Несколько минут жевали молча, бережно стряхивая крошки в ладонь.
Завязывая мешок, старик сказал с грустным сожалением:
— Вот, стало быть, и позавтракали и пообедали...— и спросил соседа:—А ты как? Партейный иль нет? Вроде, по словам по твоим, ты должон бы партейным, а?
— А куда же без нее теперь, без партии? — спросил рабочий и встал: от комнаты коменданта пробирались двое молодых ребят, размахивая бумажками.
— Порядок. Едем!
— С богом вас,— негромко пожелал старик, застегивая полушубок, и повернулся к своим: — И нам пора... Пока дорогу найдем, пока что...
Трамваи в тот день не ходили, только редко-редко продребезжит где-то в стороне требовательный звонок. То ли не давали тока, то ли мешали снежные заносы. К началу дня во многих местах на путях уже копошились люди с лопатами, расчищая пути, здесь были и женщины и подростки, одетые бедно, в разбитых и растоптанных валенках и ботинках, или в лаптях. Но кое-где видны были и хорошо одетые, пгроятно, кто еще не работал на новую власть и кого выгнали расчистку снега насильно,— по бекешам и пиджакам угадывались бывшие торговцы, приказчики, чиновники, даже попик один, маленький и сытый, в длинном черном пальто, старательно, но бестолково ковырял на одном месте лопатой... покрикивали молодые ребята и девушки, командовавшие работами,— видимо, комсомольцы. Кое-где горели на перекрестках костры, возле них толпились озябшие люди.

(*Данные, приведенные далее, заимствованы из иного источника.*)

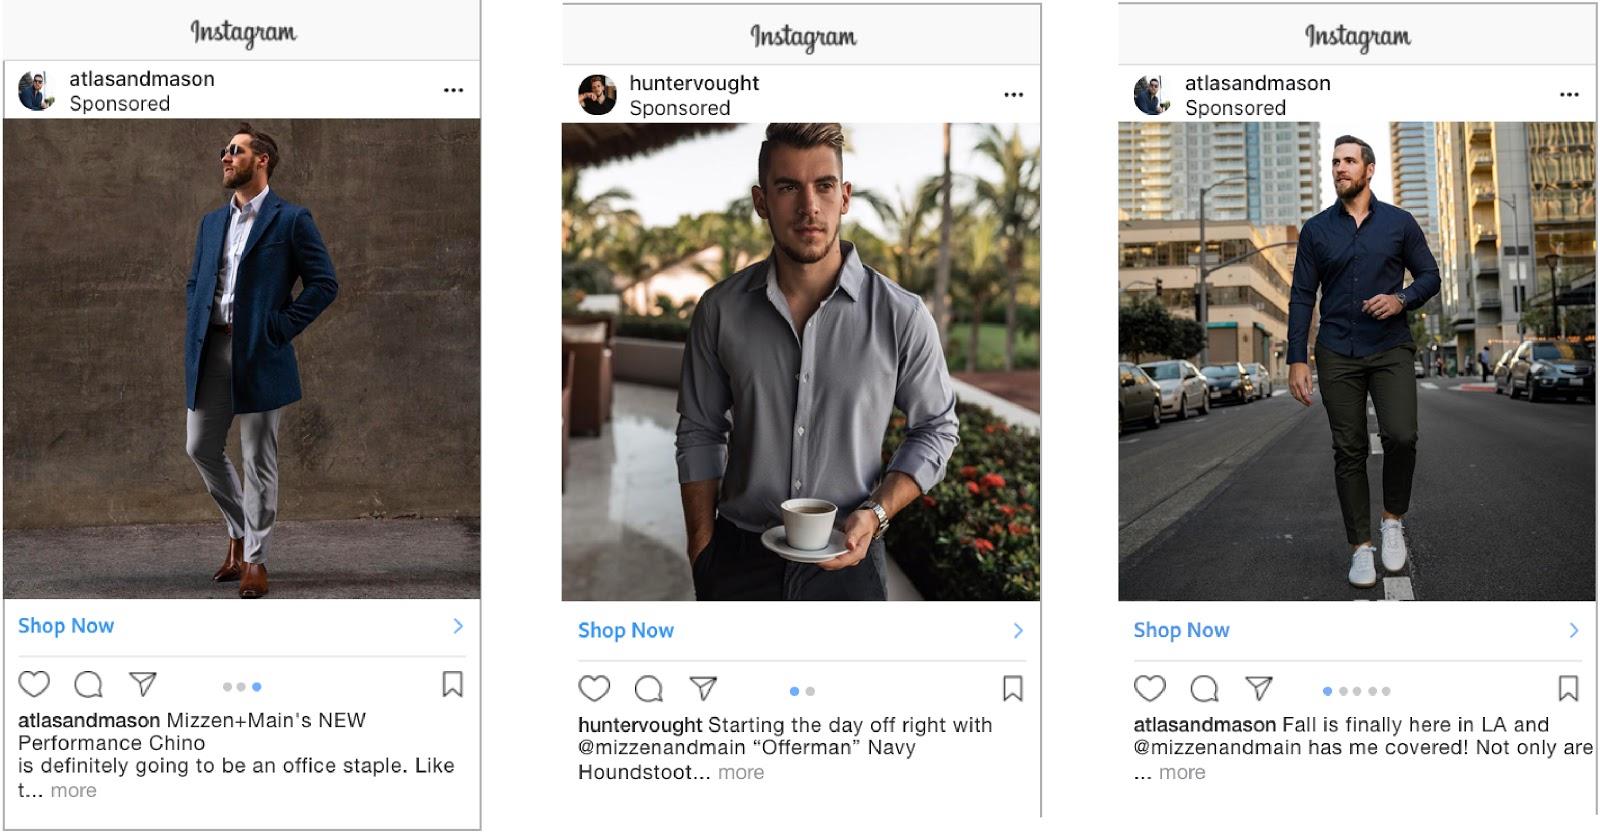 Examples of influencer dark posts
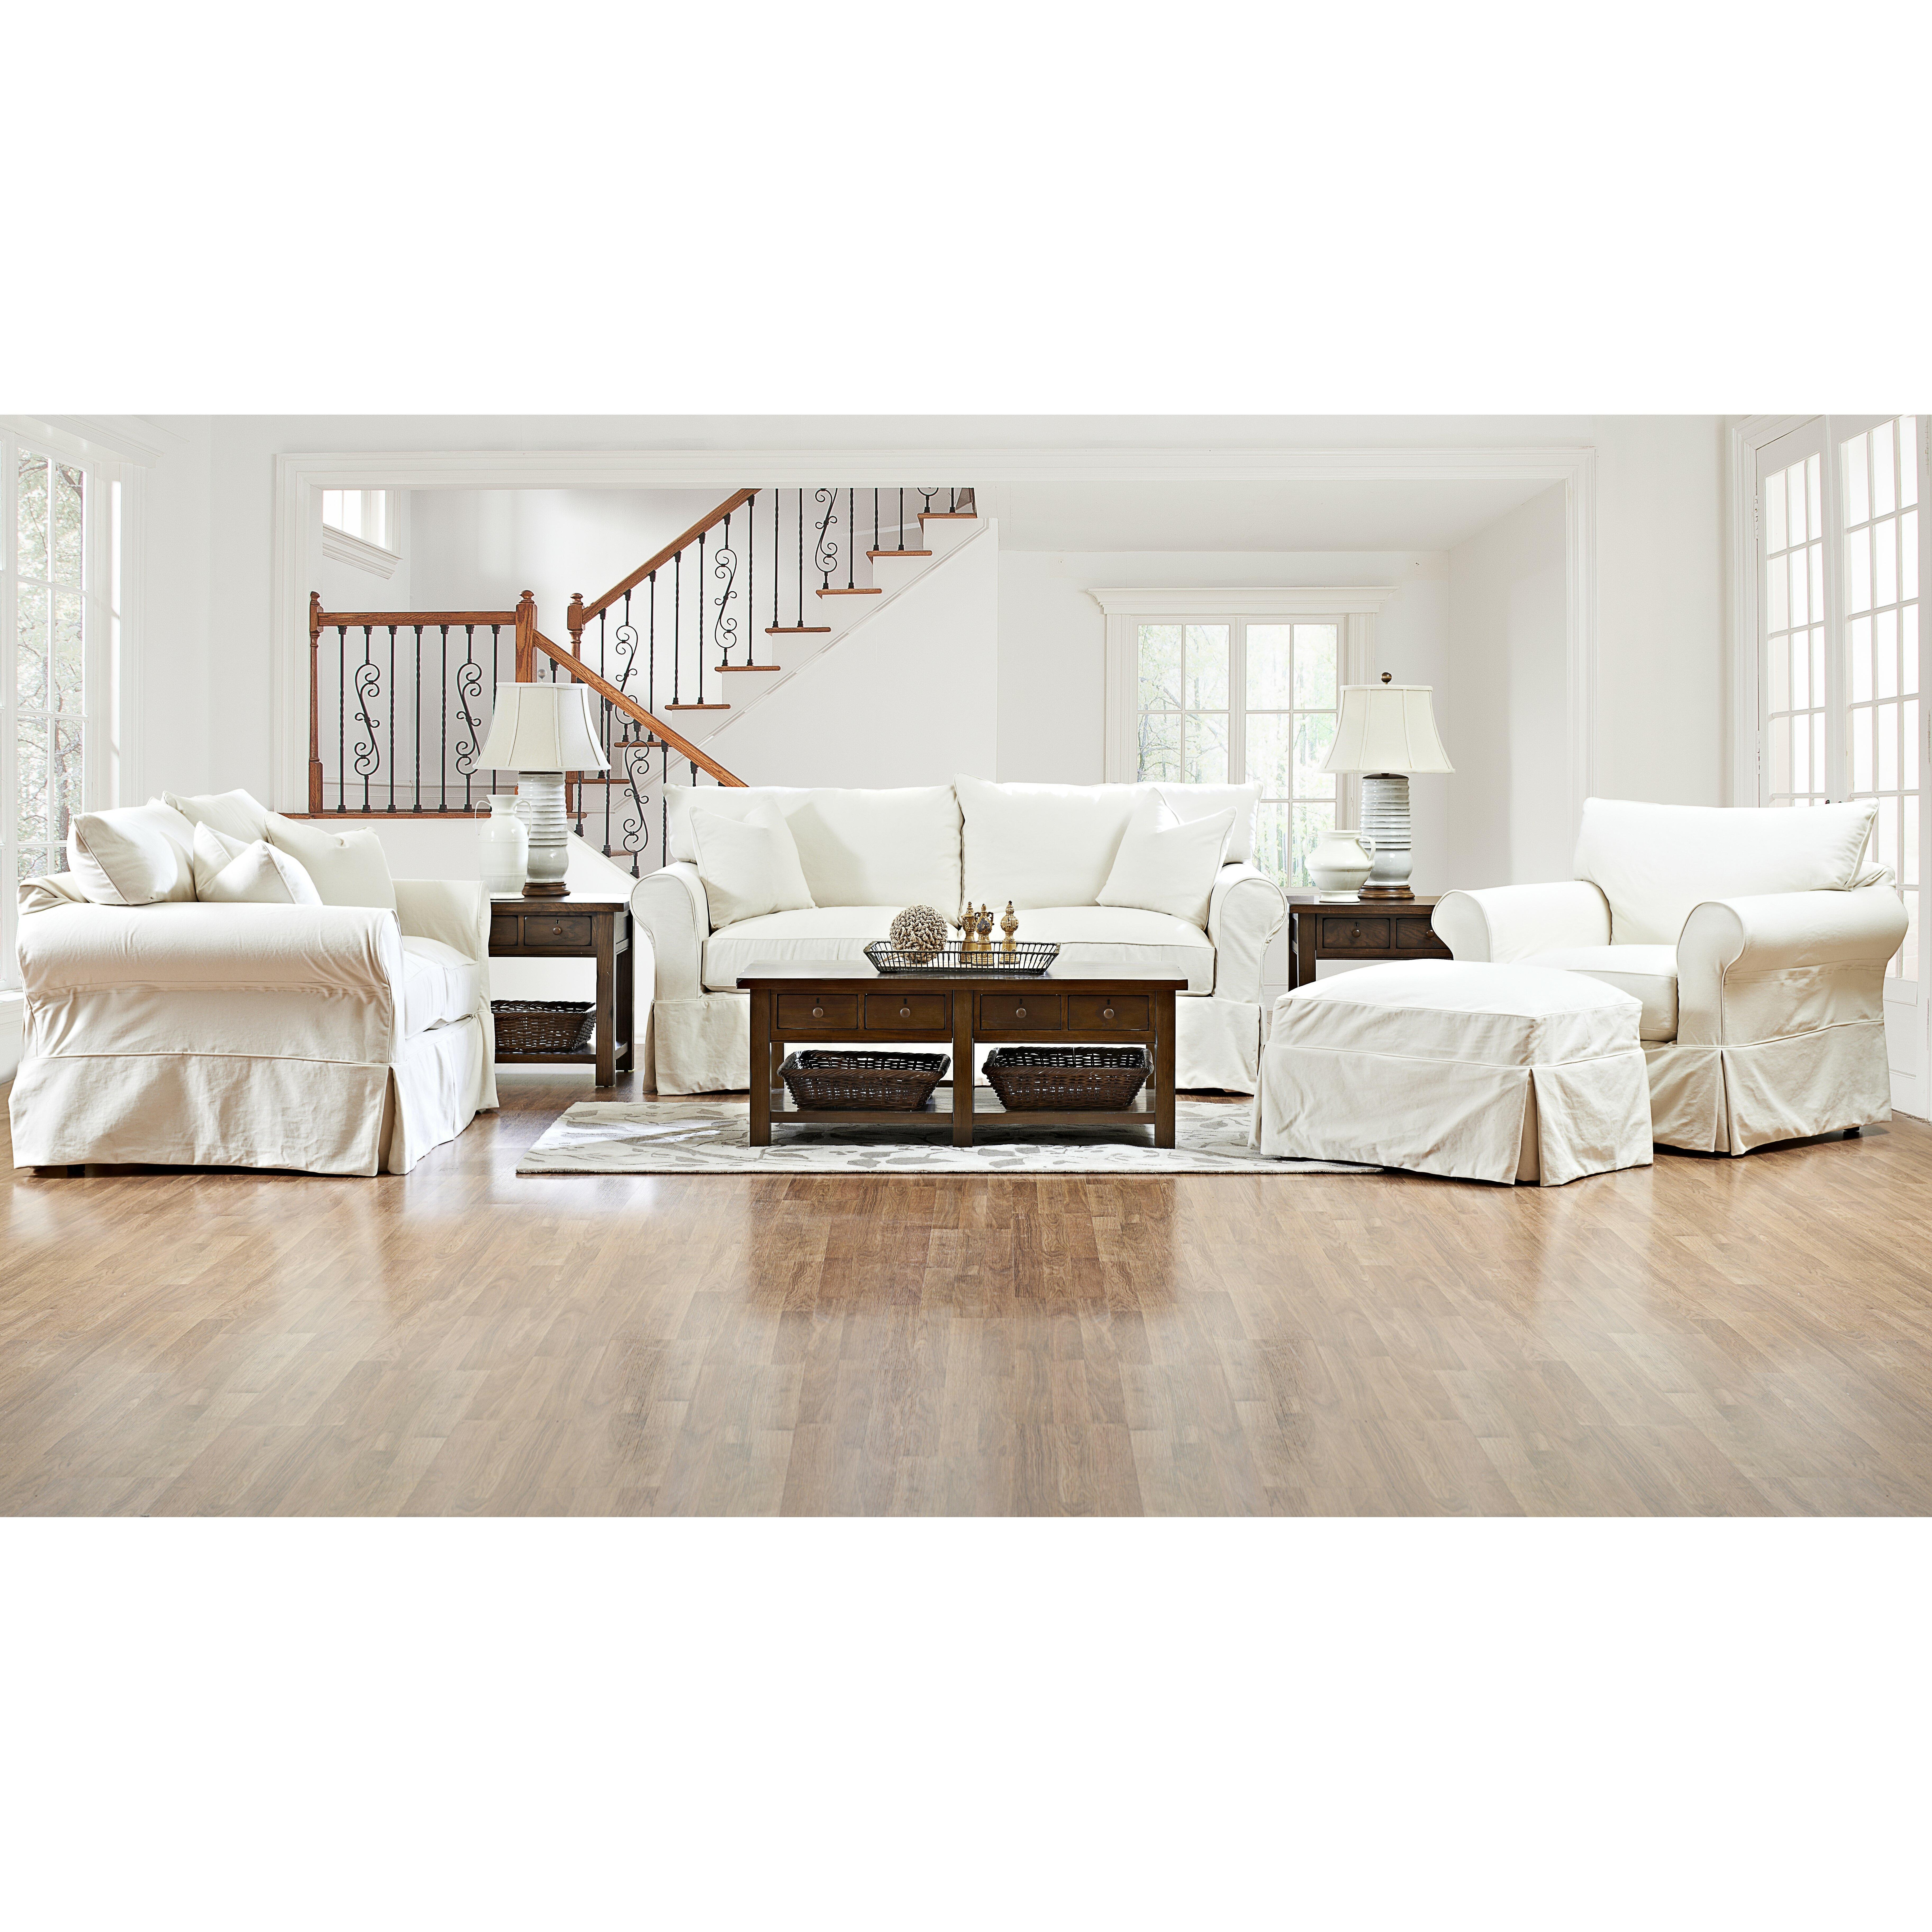 Wayfair Custom Upholstery Felicity Sleeper Sofa & Reviews ...

Мы останавливались, расспрашивали о дороге и снова брели дальше. Нам с Олей до самой Красной площади оказалось по пути с ходоками,— брат капитана Жестякова жил в одном из арбатских переулков. У Иверской часовни мы распростились с ходоками, распростились, как старые знакомые, почти друзья: и мы и они чувствовали себя в этом большом и еще чужом городе одиноко, неуверенно.
— Вот и дошли, стало быть, мила душа, до самого сердца земли русской. Чем-то теперь господь обрадует... Допустят до Ленина, альбо так и пойдем с чем пришли? — Сняв шапку, он истово перекрестился на темную икону у входа в Иверскую, где уже собирались нищие и калеки.— Помоги, заступница...
Метель стихала; в белесой мути утра вздымались в небо красные кирпичные зубчатые стены Кремля, островерхие башни с темными и узкими глазницами окошек, темные чугунные фигуры Минина и Пожарского высились над заснеженной площадью.
Ходоки ушли, а мы с Олей постояли еще, глядя, как медленно тают в тумане их неторопливые тени. Вот, думалось мне, может быть, они сегодня увидят Ильича и будут с ним говорить. Какой он? Тогда я еще ни разу не видел изображения Владимира Ильича: газеты не печатали никаких портретов,— только имя его шло по стране из края в край.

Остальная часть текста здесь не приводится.